● **Exercise**
Keep the images out while you set down the data exactly.

● **Provided data**
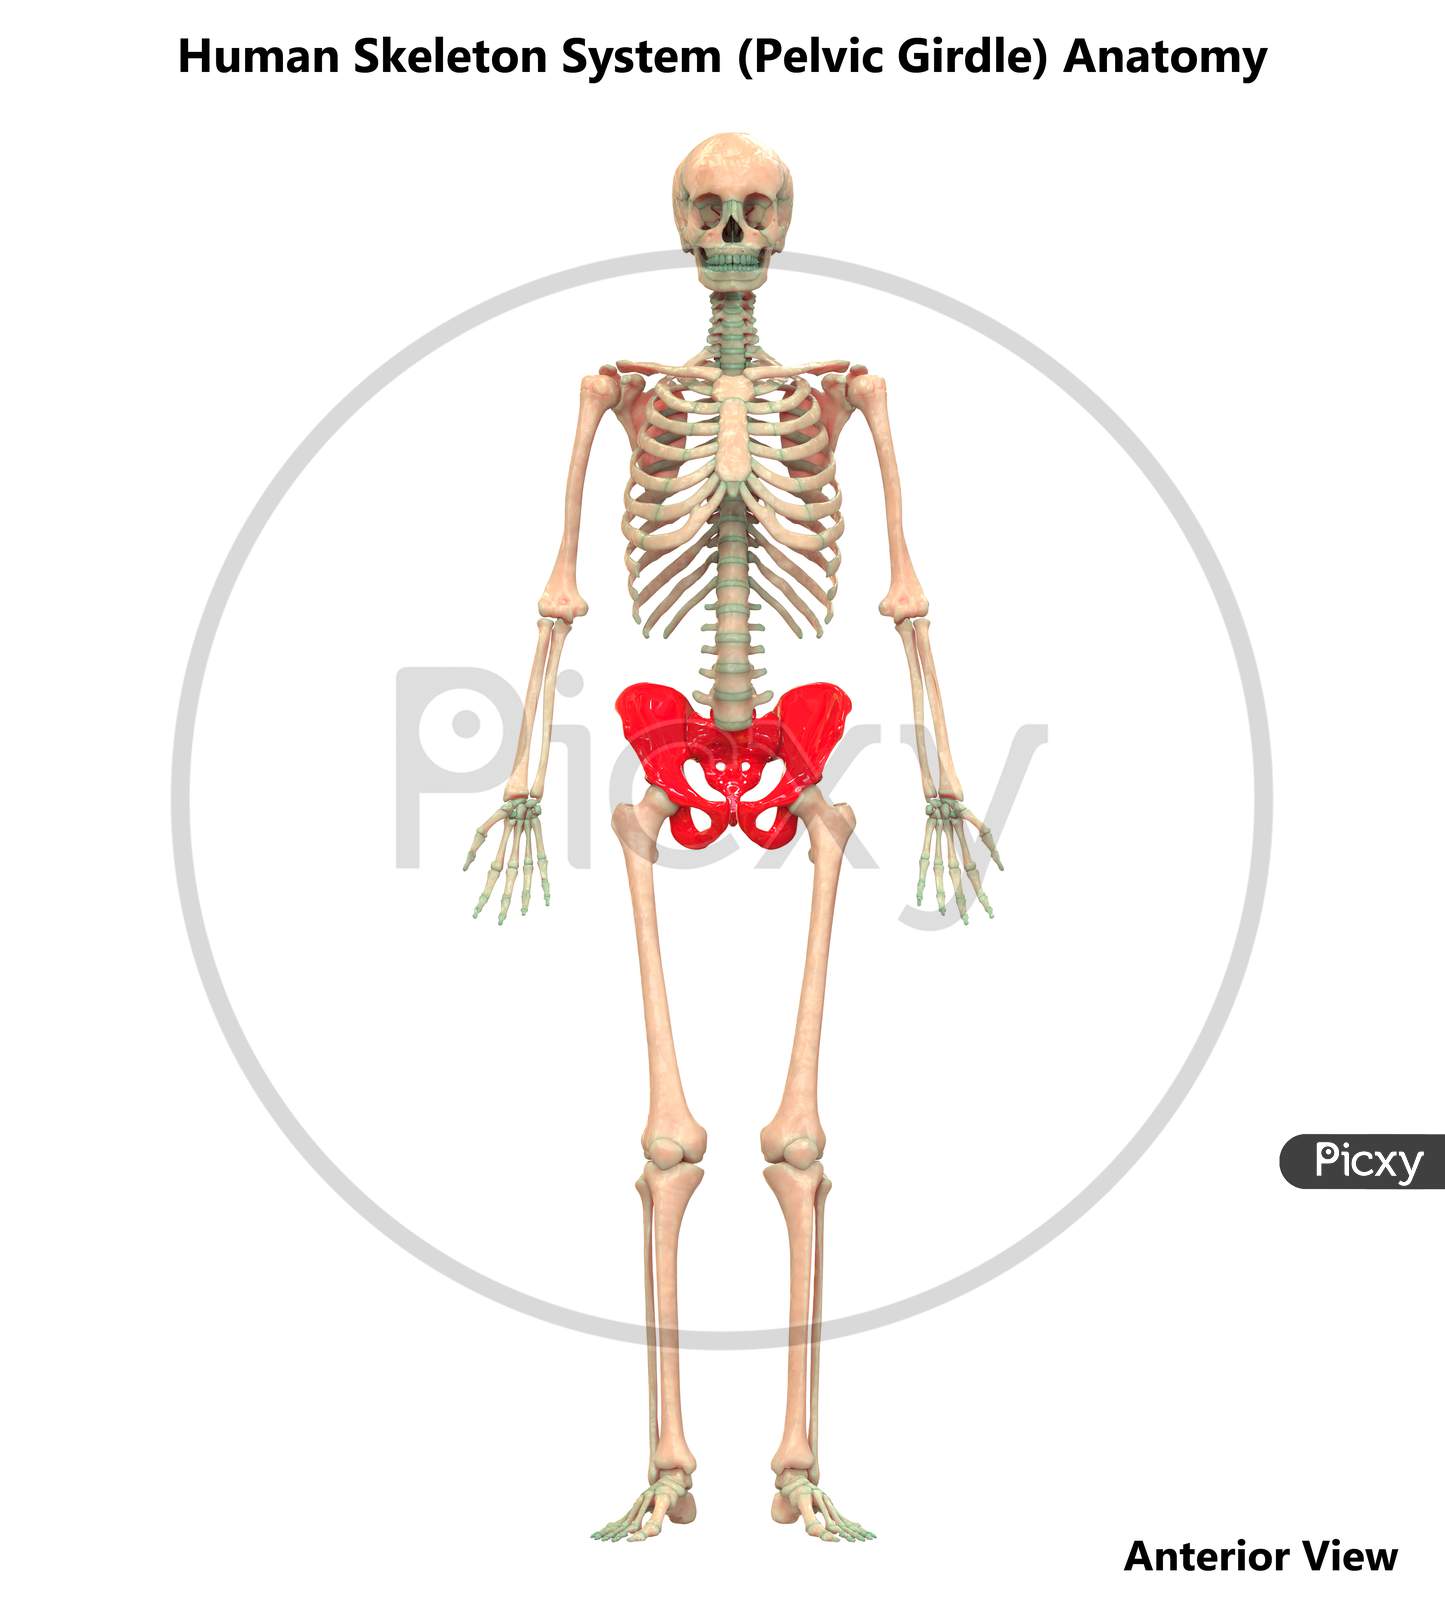 Human Skeleton System Anatomy (Pelvic Girdle)
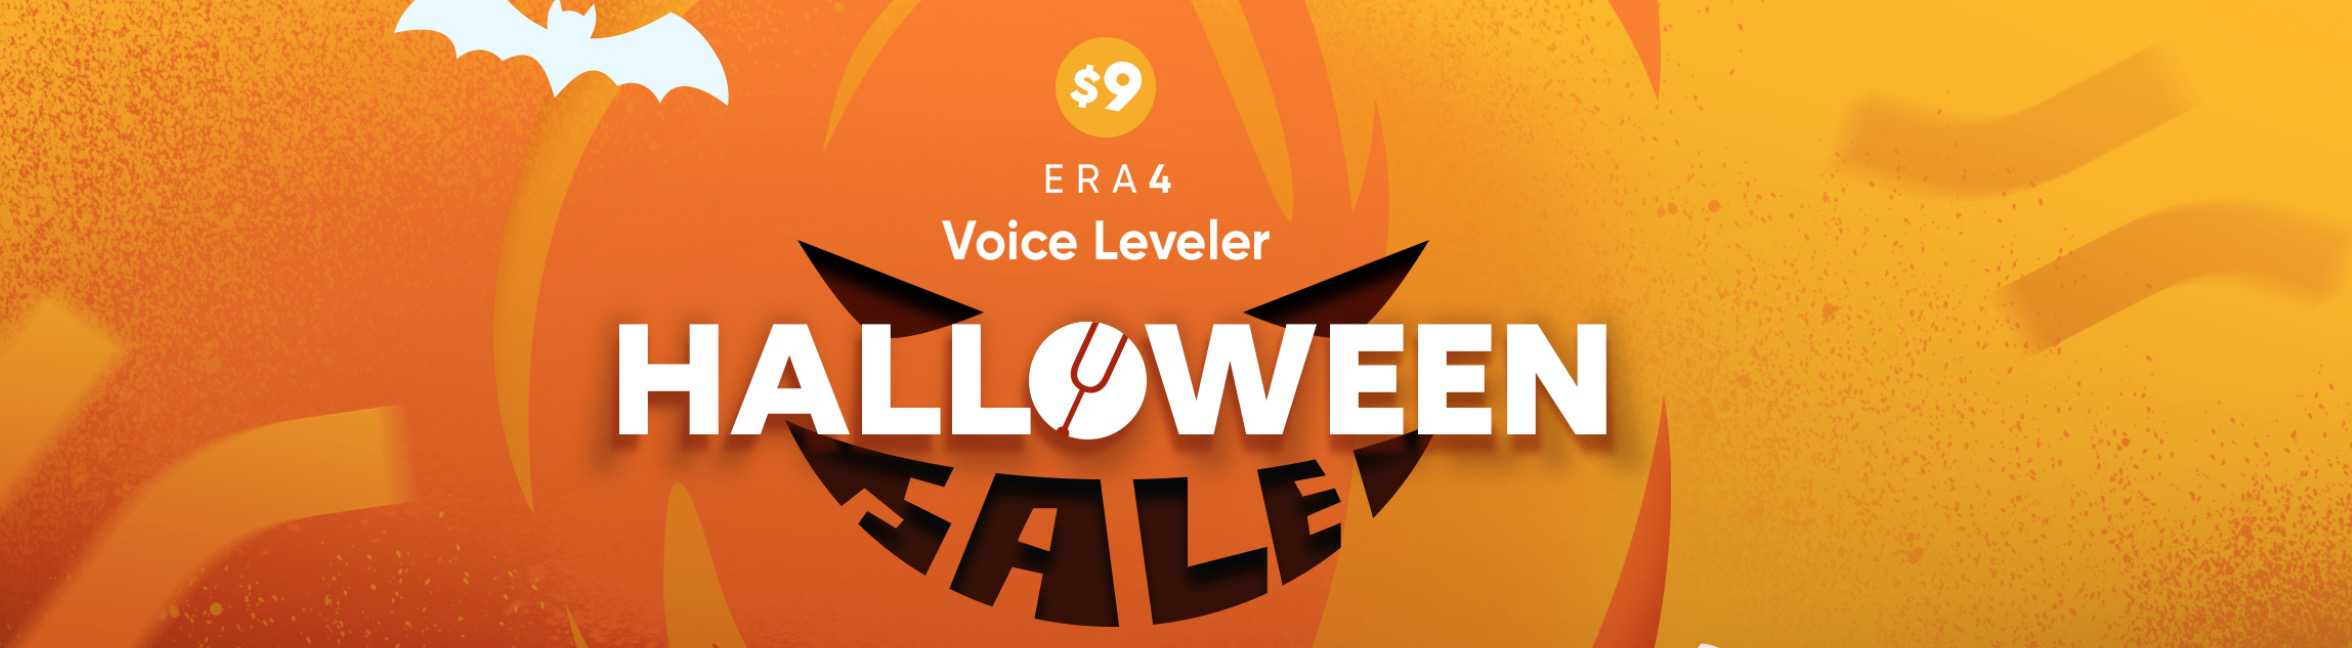 ERA Voice Leveler halloween offer
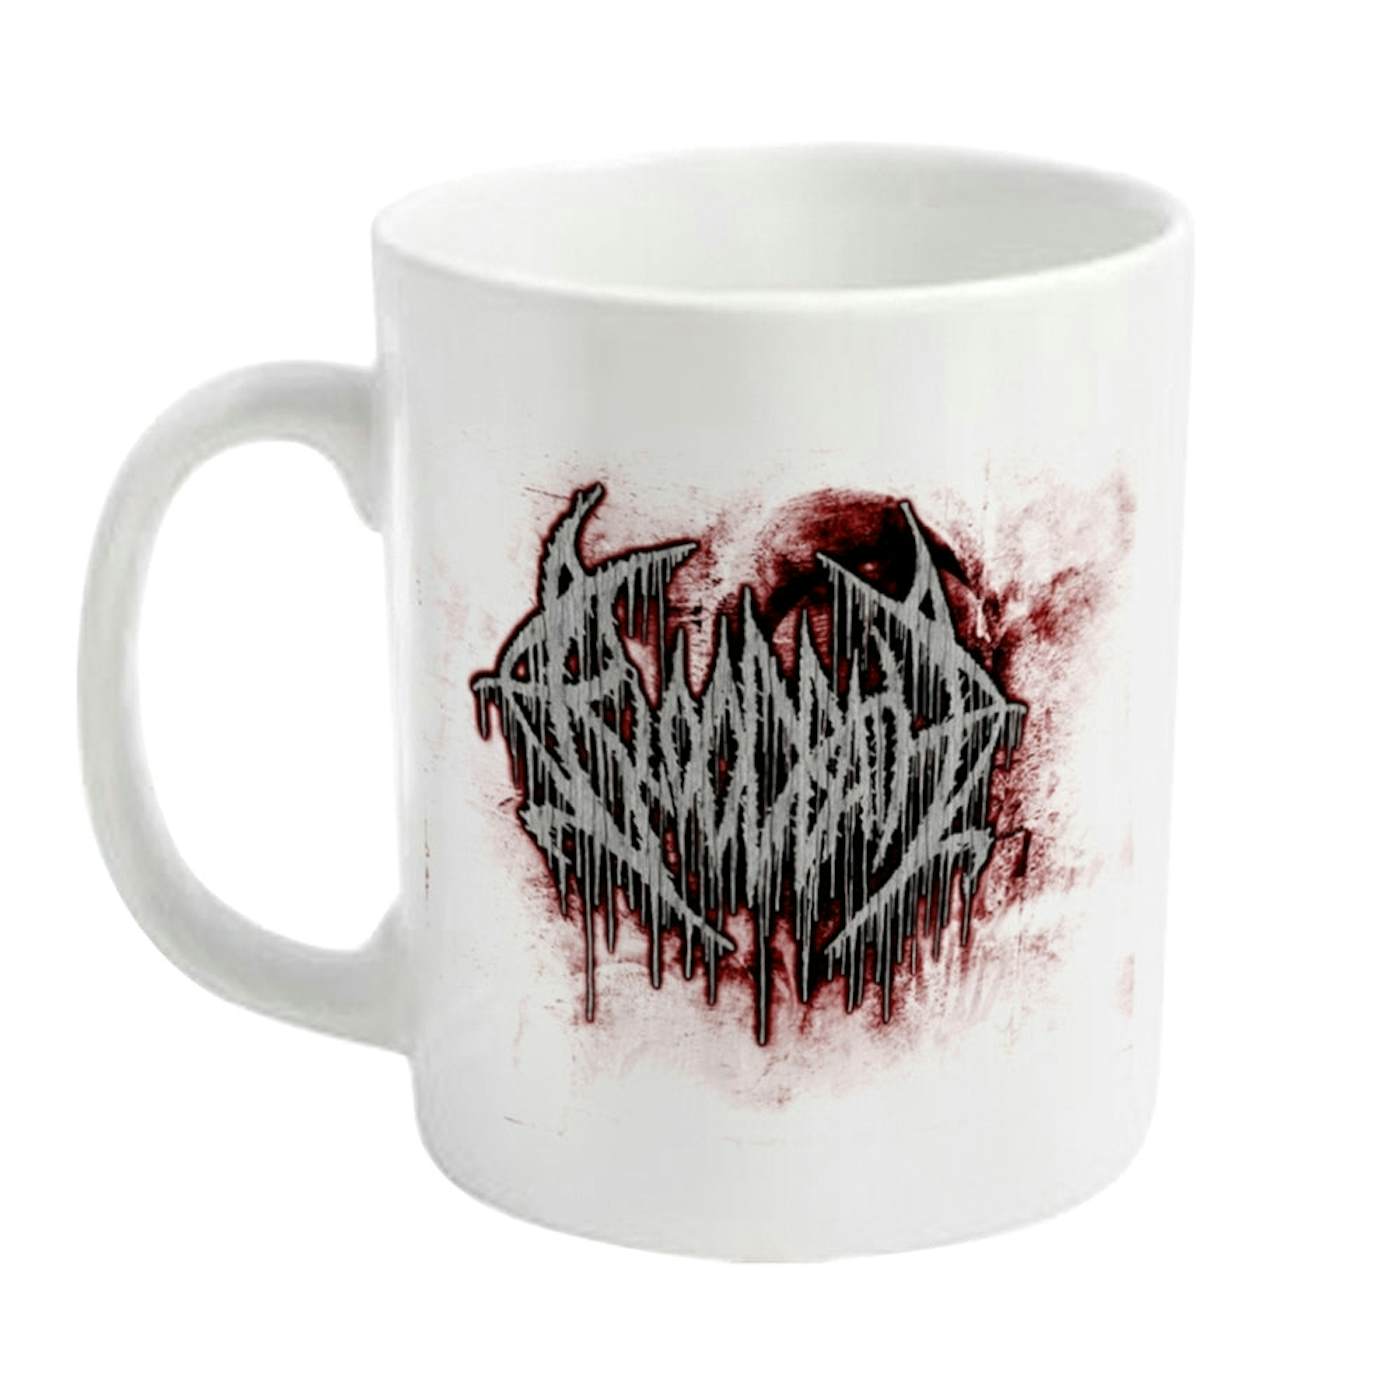 Bloodbath Mug - Death Metal
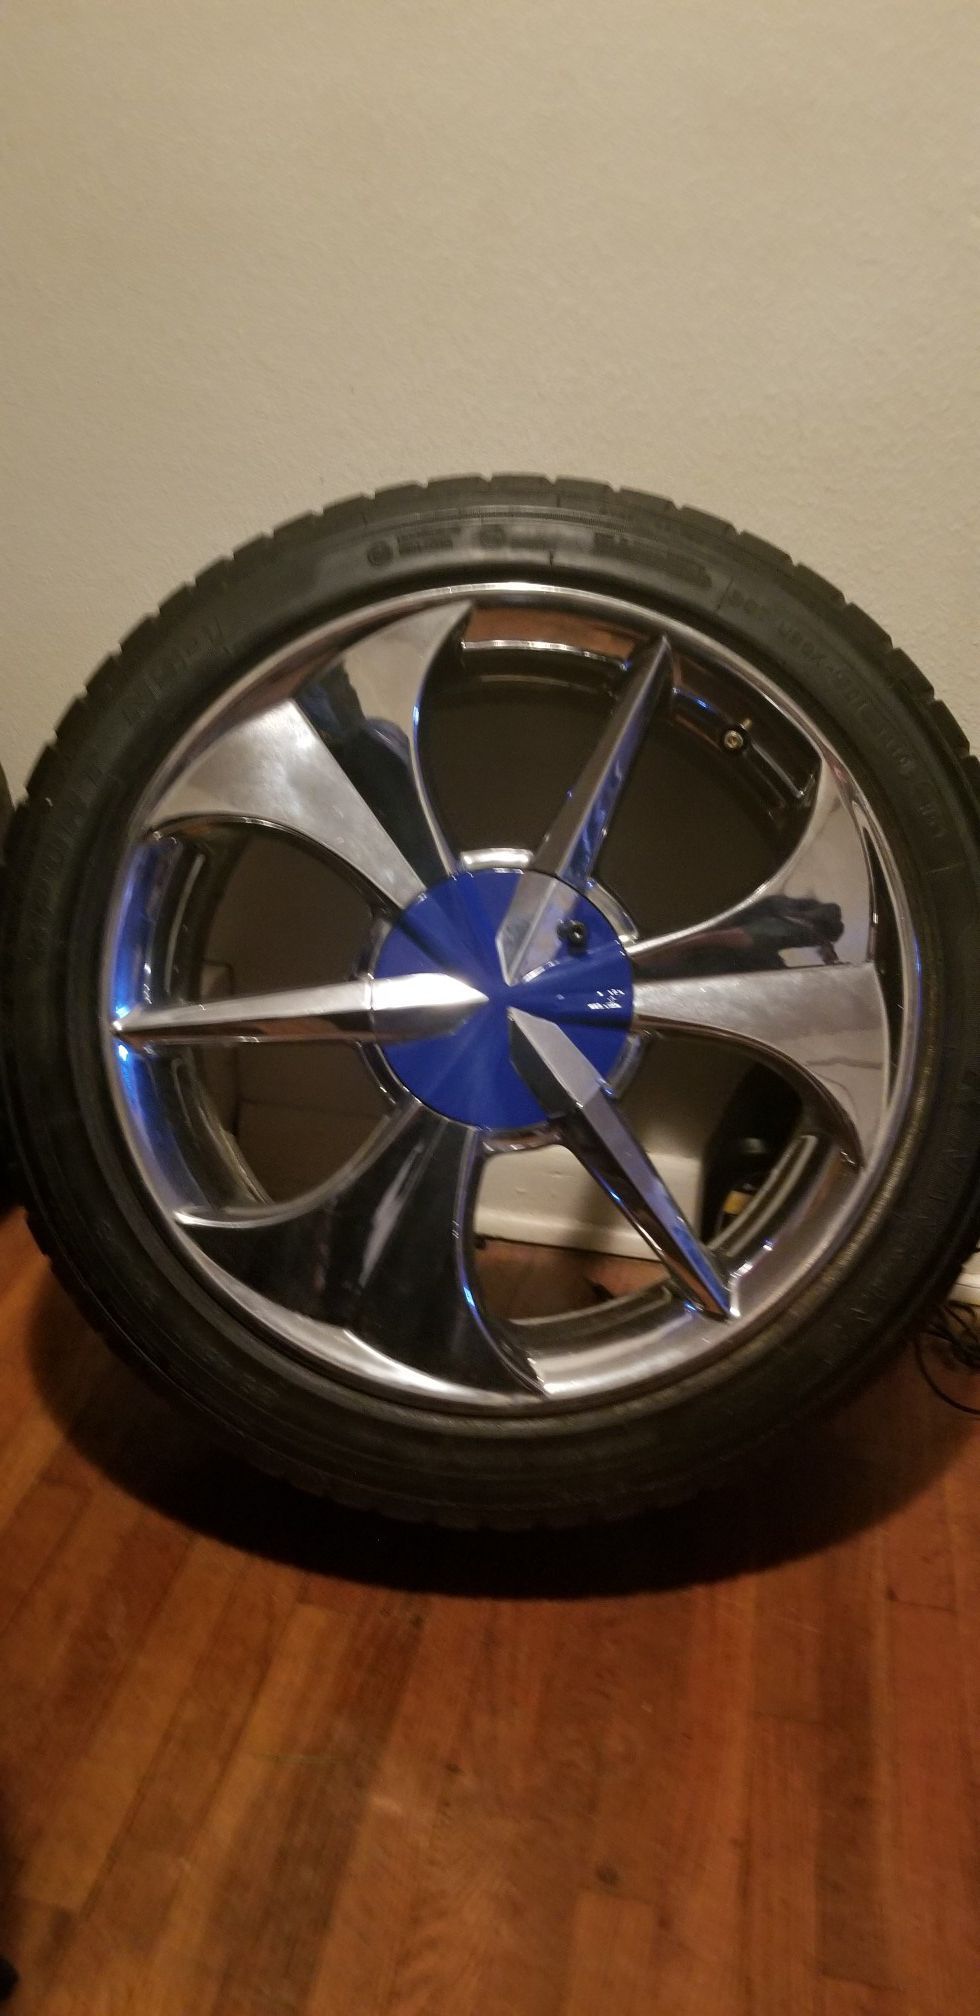 17" edge concept wheels

● **Exercise answer**
 Human Skeleton System Anatomy (Pelvic Girdle)
 ERA Voice Leveler halloween offer
 Bloodbath Mug - Death Metal
 17" edge concept wheels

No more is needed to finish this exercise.